Courtroom sketches of the dramatic Black Panthers murder trial 35 years ago are coming home to New Haven.

About 20 drawings by Robert Templeton have been acquired by Yale University’s Beinecke Rare Book and Manuscript Library.

Templeton, whose work includes landscapes, illustrations and portraits of prominent Americans, died in 1991. His widow, Leonore Templeton, says Yale wanted the drawings.

“It’s an important part of history and also because the trial was based in New Haven, it’s really part of New Haven history,” she says.

Members of the Black Panther Party, including founder Bobby Seale, were tried in 1971 for the murder of a suspected police informant.

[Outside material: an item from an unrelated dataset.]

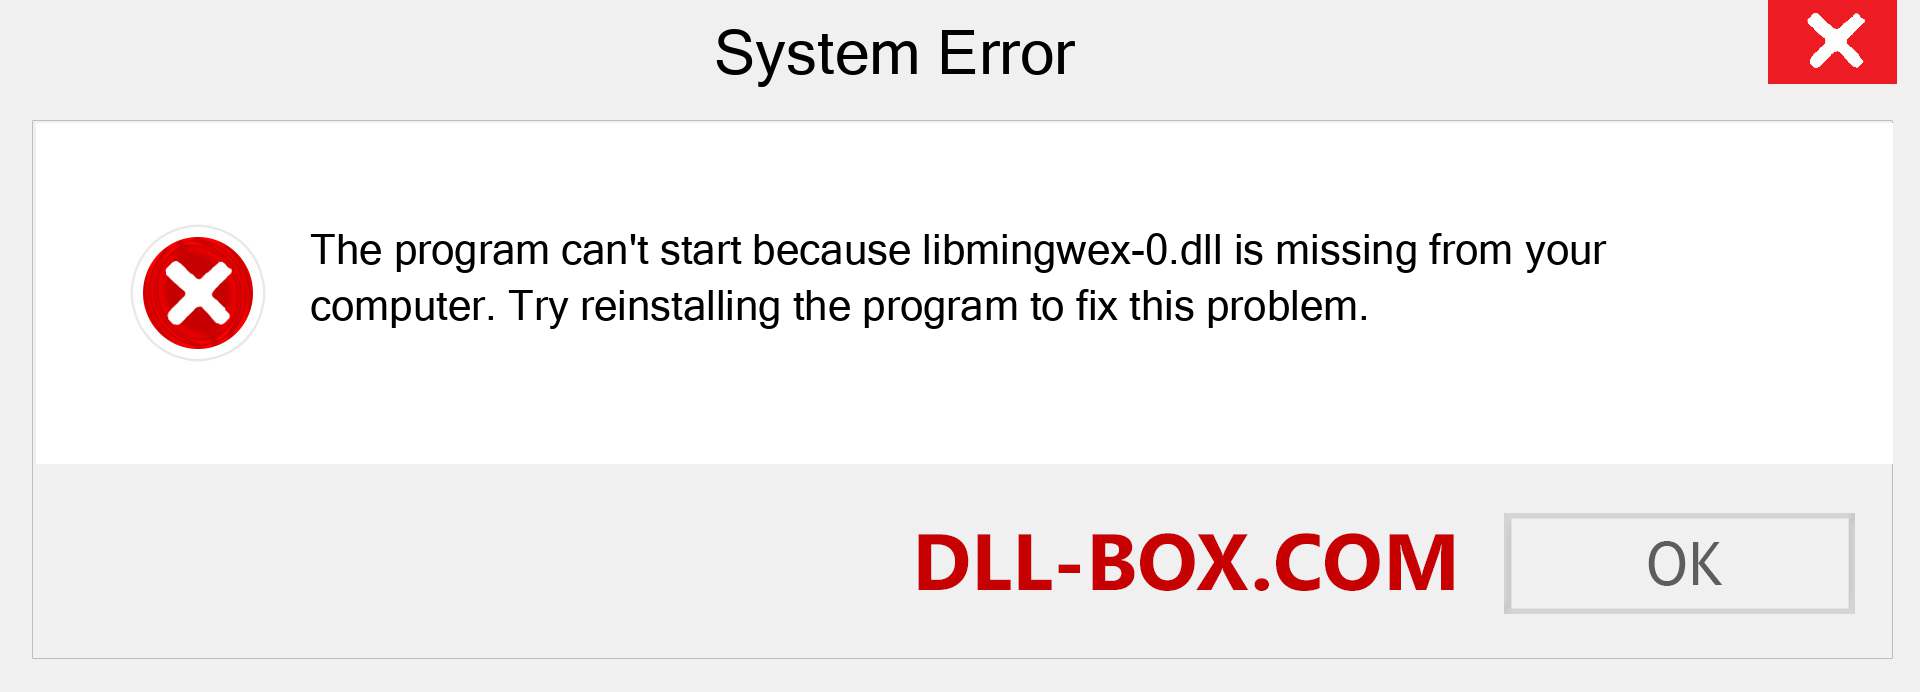  libmingwex-0.dll file is missing?. Download for Windows 7, 8, 10 - Fix  libmingwex-0 dll Missing Error on Windows, photos, images

“Certainly, we’re interested in this as the only visual representation of this historic trial,” says Nancy Kuhl, assistant curator of the American Literature Collection at the Beinecke library.

The collection adds to the library’s growing African-American arts and letters collection.

Kuhl says the collection, which is being catalogued, was purchased from Leonore Templeton. The curator would not disclose the price.

The sketches are available for research by scholars and students. A first-ever exhibition of the sketches is scheduled for February, Kuhl says.

The New Haven trial stemmed from the killing of Alex Rackley, a member of a civil-rights group who was suspected by Black Panthers of being a police informant.

Bobby Seale, Warren Kimbro, George Sams and Ericka Huggins were charged with torturing and fatally shooting Rackley before dumping his body in a river about 25 miles north of New Haven.

The case ultimately resulted in a hung jury and the charges were dismissed against the four primary defendants.

Even before the trial, Seale and the Black Panthers gained national attention when eight members of the group were charged with plotting to violently disrupt the 1968 Democratic National Convention in Chicago.

Templeton says her husband, who painted portraits of civil rights leaders such as Rosa Parks and Atlanta Journal Constitution publisher Ralph McGill, remained neutral during the trial.

“He was really there to witness, not to have opinions,” she says.